My second prediction is very close to my heart and concerns software development. Github Copilot has blown away everyone who I know and has tried it. The productivity improvement of tools like this is so significant that there is no way that these technologies will not see significant adoption in 2023. It is interesting that my pet peeve concerning programming languages has been that the abstraction level has not gone up and that we are still mucking around with C. I used this language in the 1980s to earn some income while I was a student! My assumption was that we needed better languages, but it turns out that what we needed was AI that can generate the code at lightspeed instead.

My third prediction is that digital twins will take off in a big way in 2023. Many companies I work with are hard at work to transition from a digital version of each product type to maintaining digital versions of each product instance. This is critical as an enabler for services and continuous software updates. As a corollary, I predict that the “metaverse” will have little impact in 2023. First, the technology for virtual and augmented reality is not ready for mass rollout and, second, we need to get the digital twins in place before VR/AR gives sufficient commercial benefit. There is a parallel to how we needed to go through the Big Data era before AI could take off at scale.
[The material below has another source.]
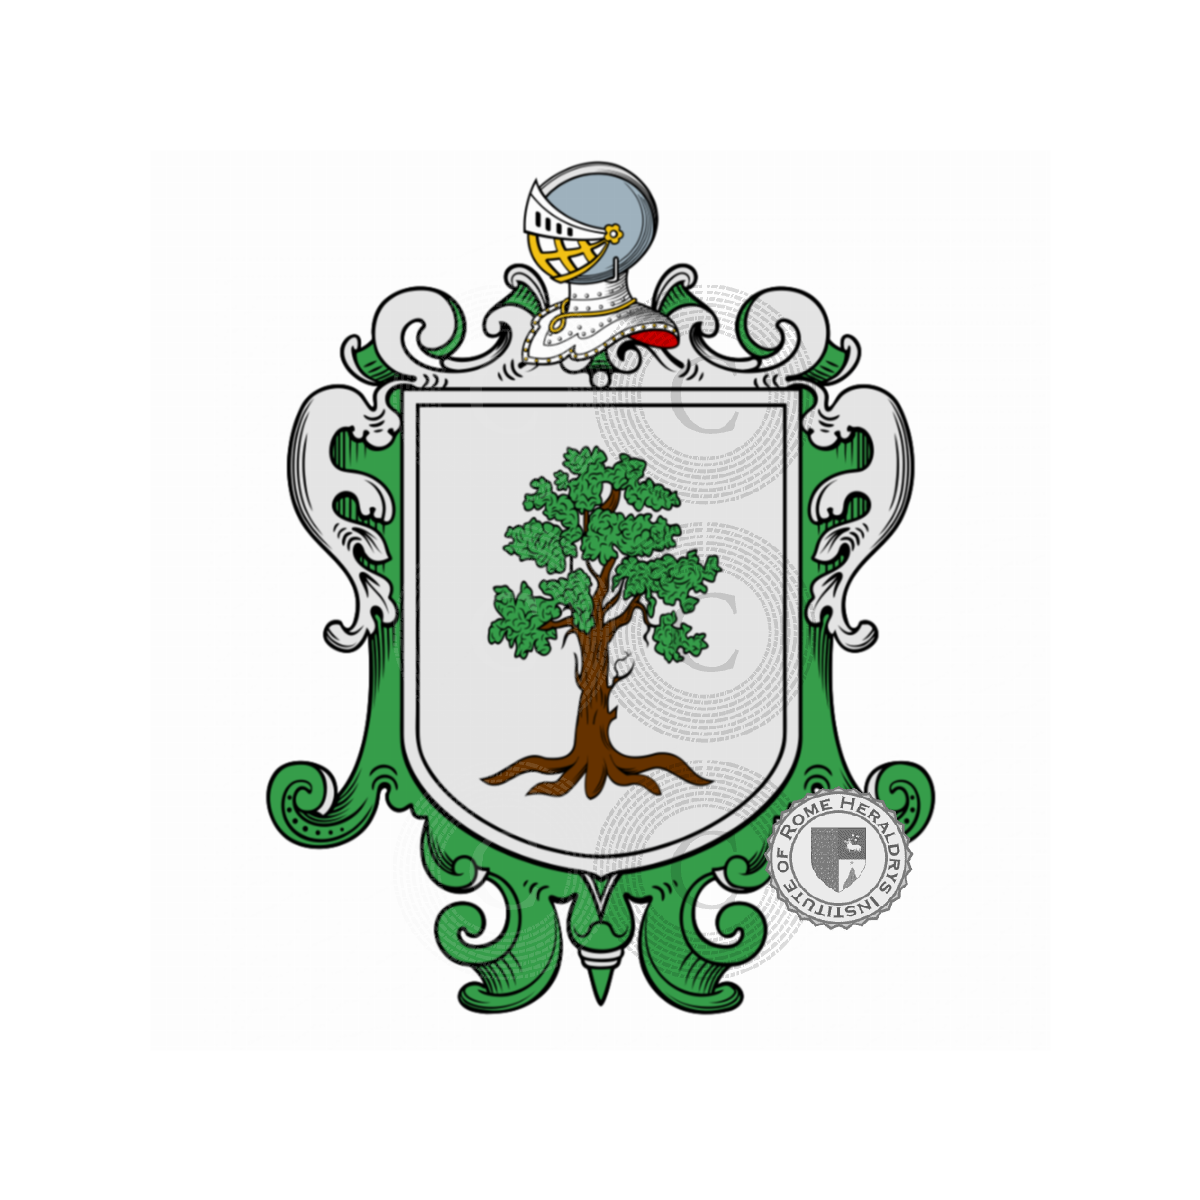 Wappen der FamilieDini, di Dino,Dini Becchi,Dini Correggiai,Dini da Colle,Dini da Vicchio,Dini Spezzali

Concluding, prediction is hard, as Yogi Berra said, but we need to predict where the world is going in order to make accurate decisions and take action. Assuming that tomorrow is going to be like yesterday is a “head in the sand” strategy that will get you disrupted for sure, so we need to focus on what might change and our response to those changes. In this post, I shared some predictions concerning the world, industry and technology in 2023. I probably will be proven wrong, but to end with another Yogi Berra quote: “You’ve got to be really careful if you don’t know where you’re going, as you might not get there!”